Everything in the listing below except the pictures should be reproduced exactly.

* SOURCE DATA:

....

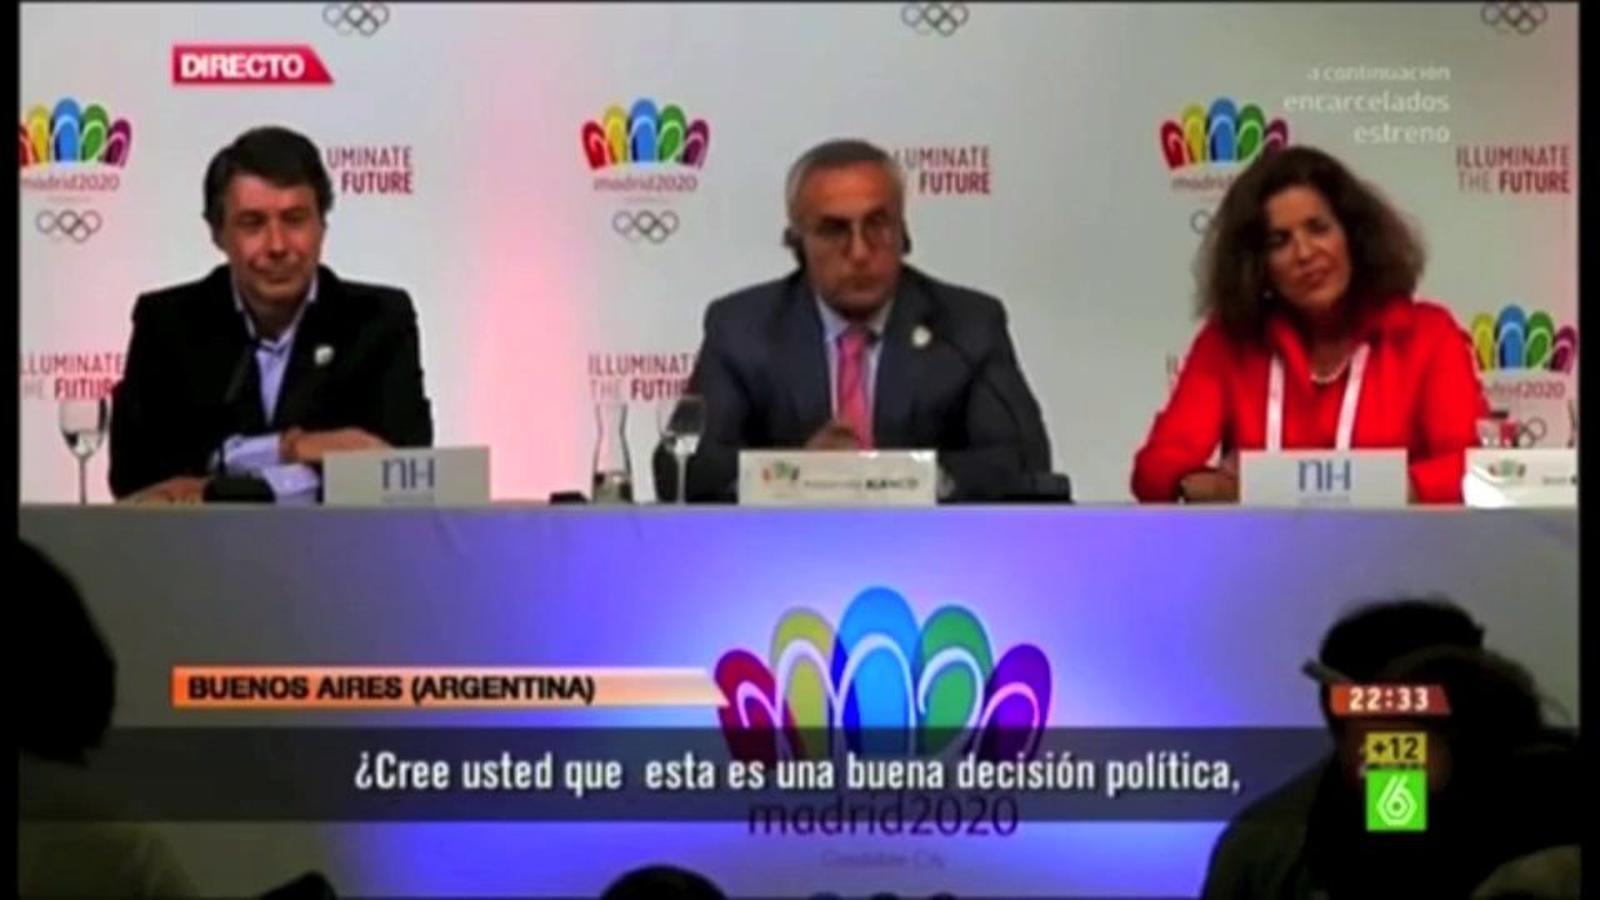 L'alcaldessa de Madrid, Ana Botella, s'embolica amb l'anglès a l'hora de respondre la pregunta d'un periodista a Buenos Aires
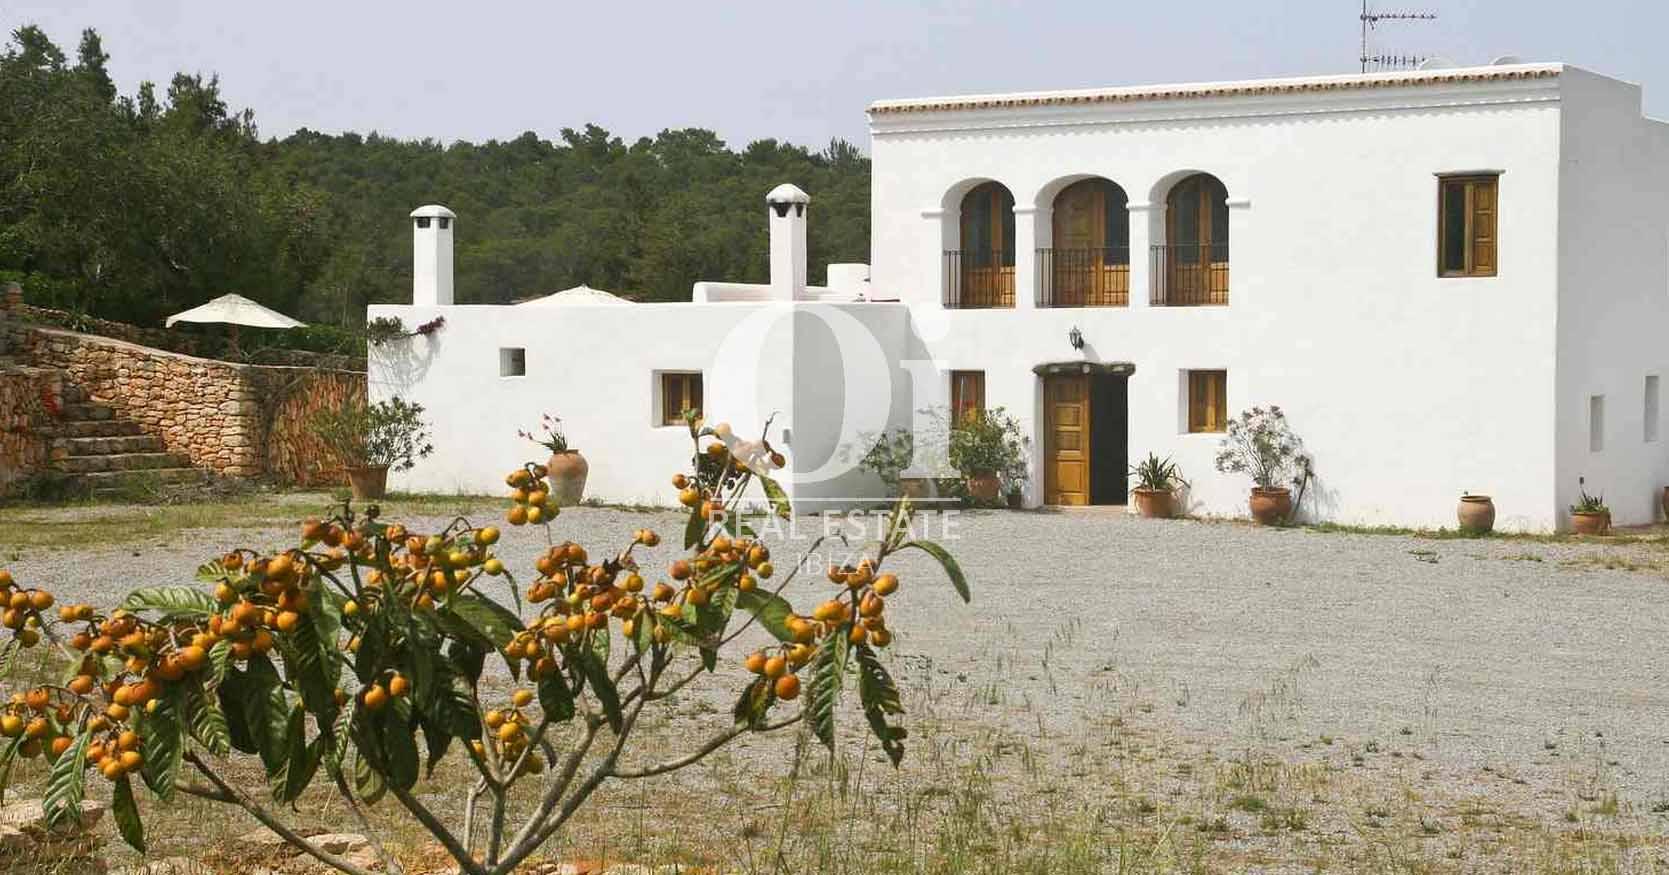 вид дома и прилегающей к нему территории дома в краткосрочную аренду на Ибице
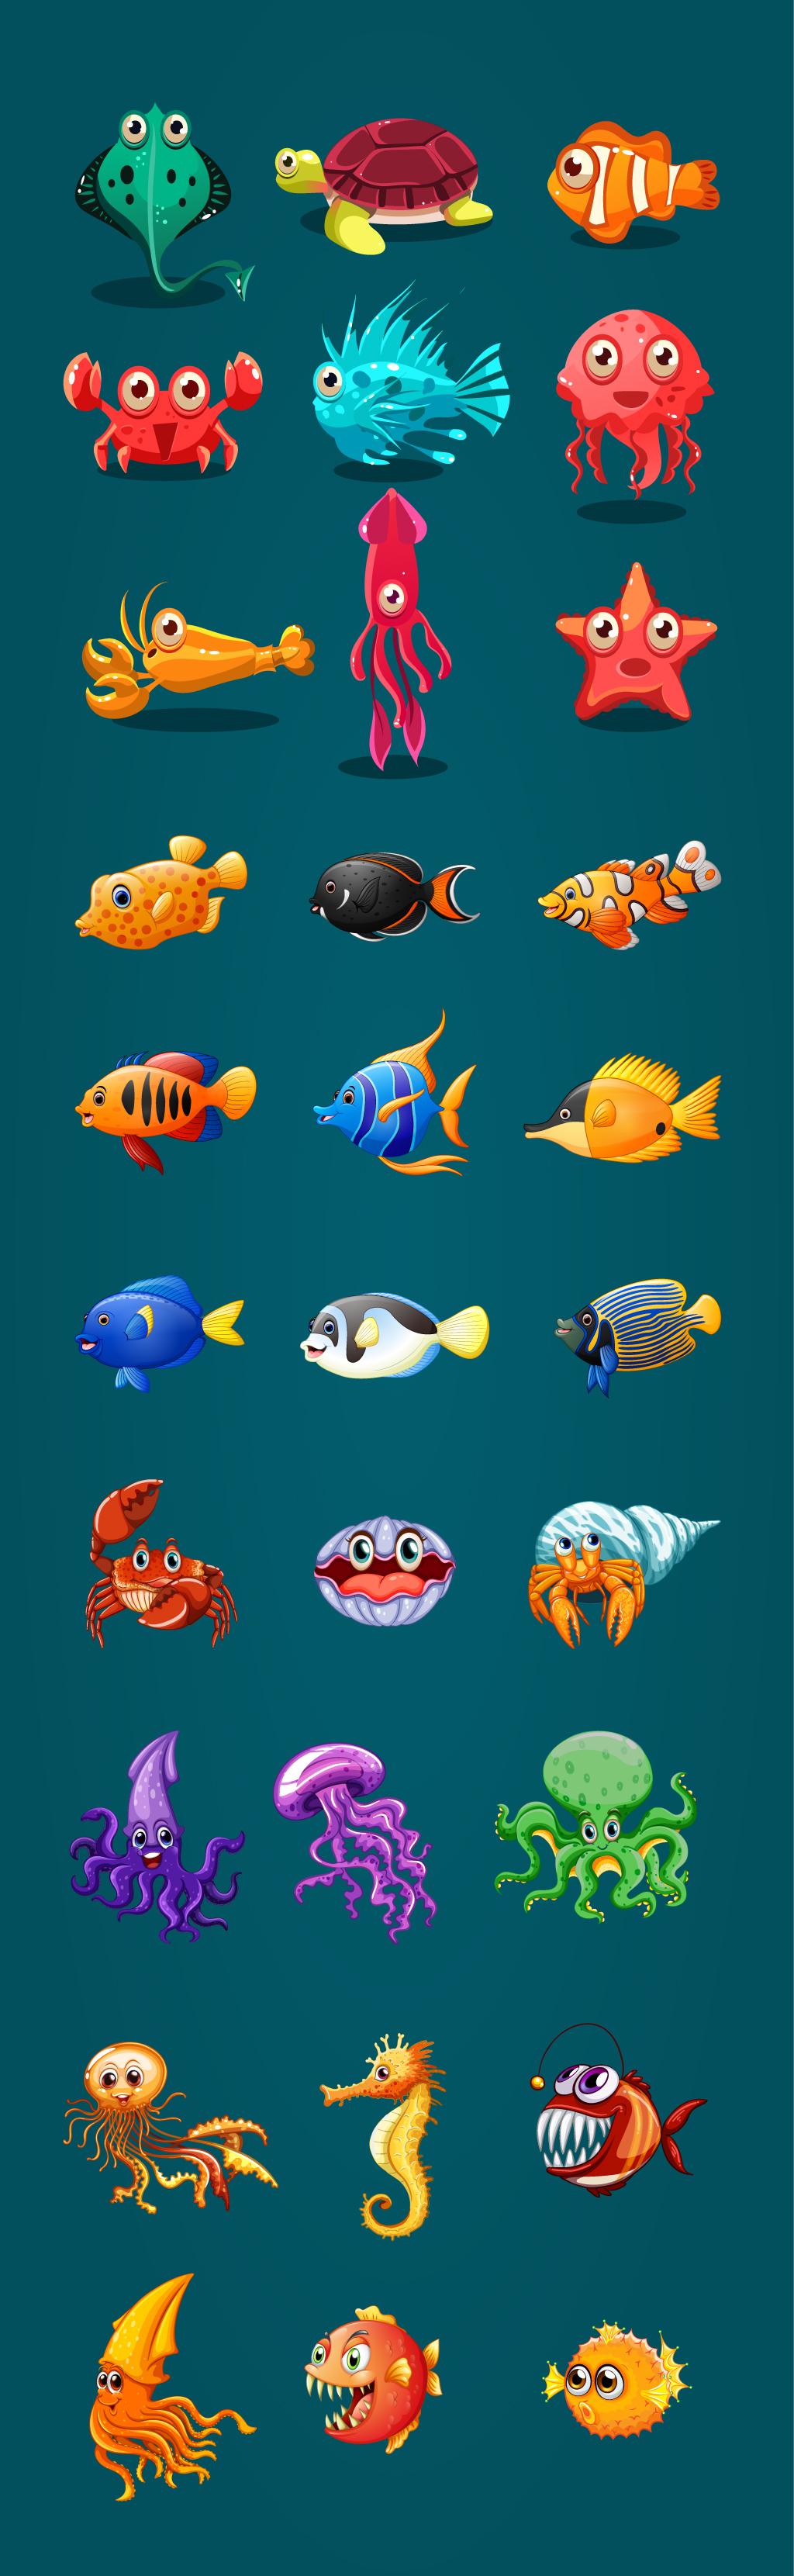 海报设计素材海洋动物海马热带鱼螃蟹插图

....

* EXPECTED ANSWER:
 L'alcaldessa de Madrid, Ana Botella, s'embolica amb l'anglès a l'hora de respondre la pregunta d'un periodista a Buenos Aires
 вид дома и прилегающей к нему территории дома в краткосрочную аренду на Ибице
 海报设计素材海洋动物海马热带鱼螃蟹插图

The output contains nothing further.